The report found that stall and loss-of-control events continued to be the leading cause of accidents in 2019, further noting that “weather-related accidents remain highly lethal.” The Nall Report analyzes general aviation accident data for airplanes with maximum rated gross takeoff weight of 12,500 pounds or less and helicopters of all sizes. Accident data is updated on a rolling 30-day cycle.
The complete 31st edition of the Joseph T. Nall Report can be viewed here.
Interesting that stall rates are increasing as the training from stalls went away from actual stalls to first sign of stall recovery. Pilots are not being put in and actual stall and recovering. I’ve even noticed relatively new instructors seem afraid of stalls. Some 40 years ago it seemed like a full stall was required for each training flight, and I believe I had to demo one for my private check ride.
When I go up in a new aircraft I want to feel the stall and see the airspeed it starts to stall. I don’t feel safe if I don’t know how a plane is going to handle at slow speeds. Of course you never want to be near these speeds low and during approach to landing. Six inches over the runway is OK… But, There is the deadman zone for airplanes just like helicopters, and airspeeds that should be avoided at certain altitudes. This should be taught for fixed wing.
In my area, you get real stalls. I’m suspecting that most CFIs are doing real stalls.
There were required for certificates a couple of decades ago; I had a special DPE, so I spun for him, and recovered.
Still, if one cannot *feel* that one is getting close to a stall, there’s a problem.
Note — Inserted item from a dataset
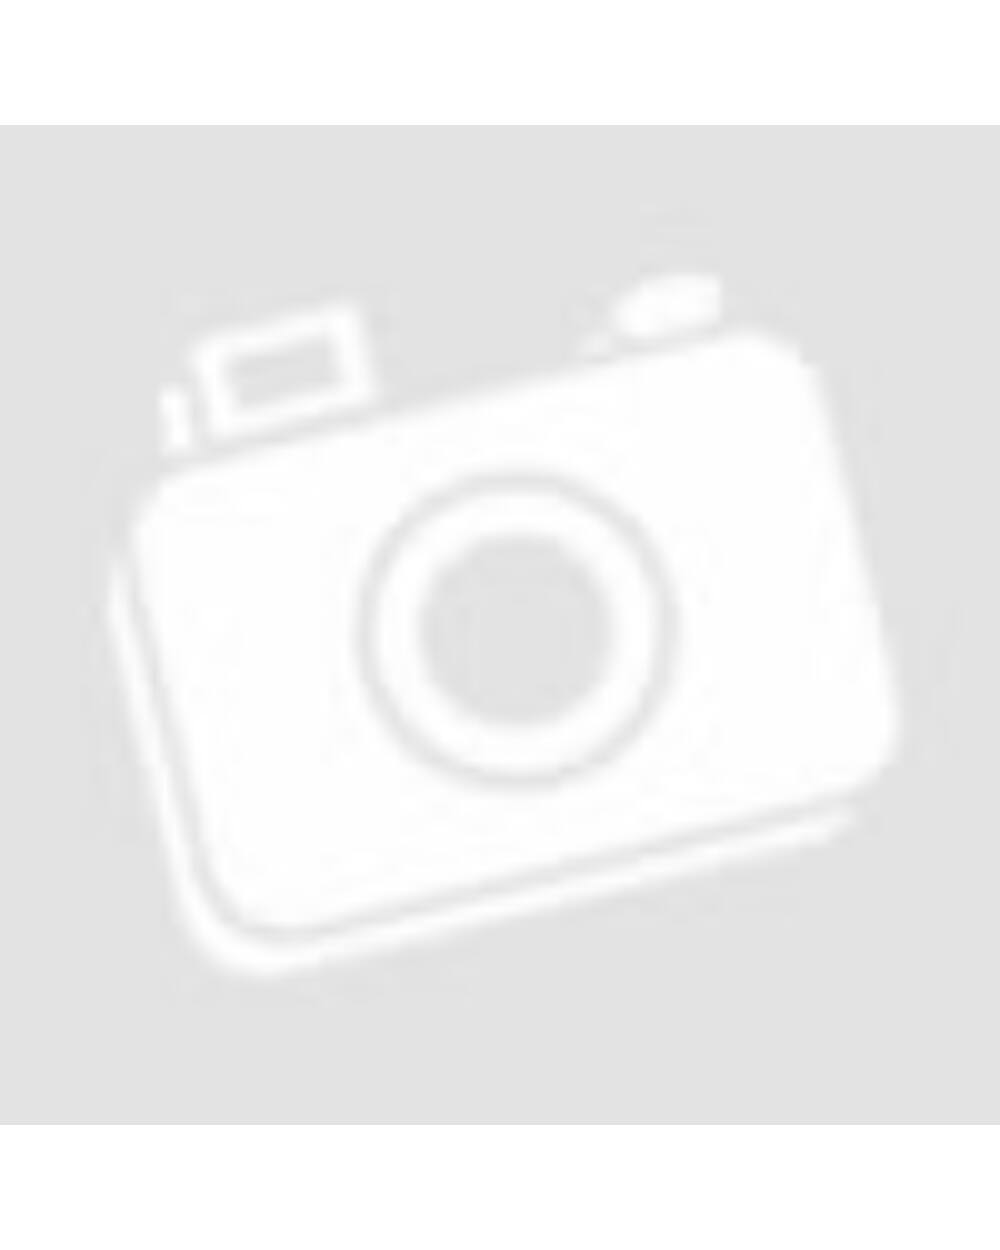 Coco Bana fiú úszó, 86-92 cm, bálnás

And if any new airplanes are sold that can stall, in today’s world, without kicking the pilot in the teeth first, there’s a problem.
I suspect that we now could update a lot of older designs to vastly improve their stall behavior and performance. Of course, it’s uneconomical for Textron, and would require someone at the FAA to put their name on a decision that might have some negative consequence (though likely only one made up to blame a manufacturer for poor airmanship).
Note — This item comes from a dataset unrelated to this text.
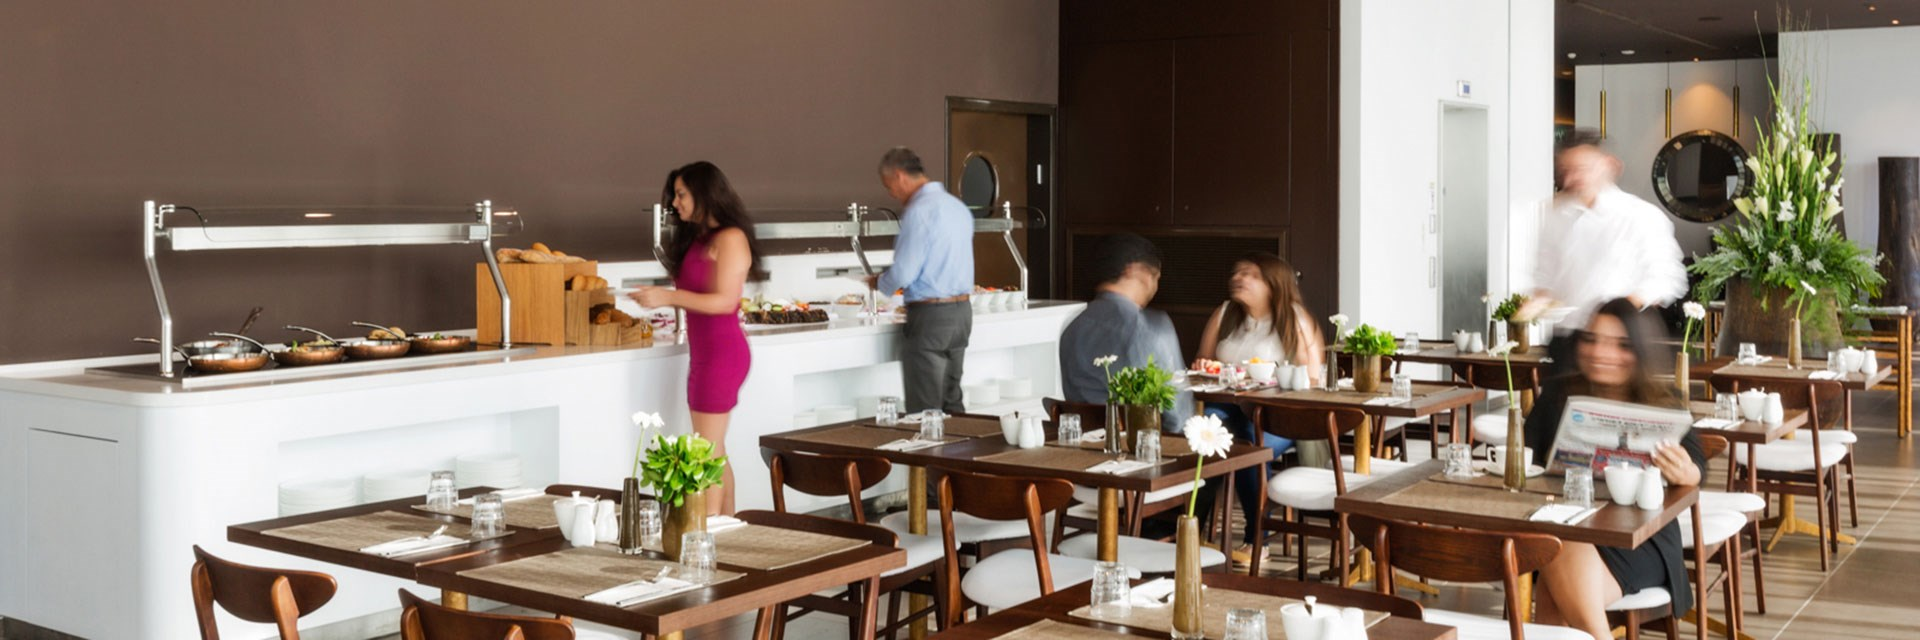 Restaurant and Coffee Bar

Nope. We will continue to get the same stall/spin behavior for decades.
If I am reading the report correctly, cause can be said in two categories – lack of experience and poor judgement. Experience we can fix – difficult maybe, but repairable. The judgement part worries me. That, at least in part, translates to common sense, which in today’s society, is poorly named.
As far as year to year fluctuations in accident rate I think much of it is due to the artifact of the small ‘n’ of hours flown by private GA pilots.
I don’t think pilots in general are getting any better or worse, we are for the most part flying the same old and increasingly decrepit airplanes, and weather still is what it is.
The small numbers of hours are likely related to the tax changes from the mid aughts. You can no longer write off training flights as much as you used to.
I used to be able to write off 50 hours a year as part of being an AME. No more.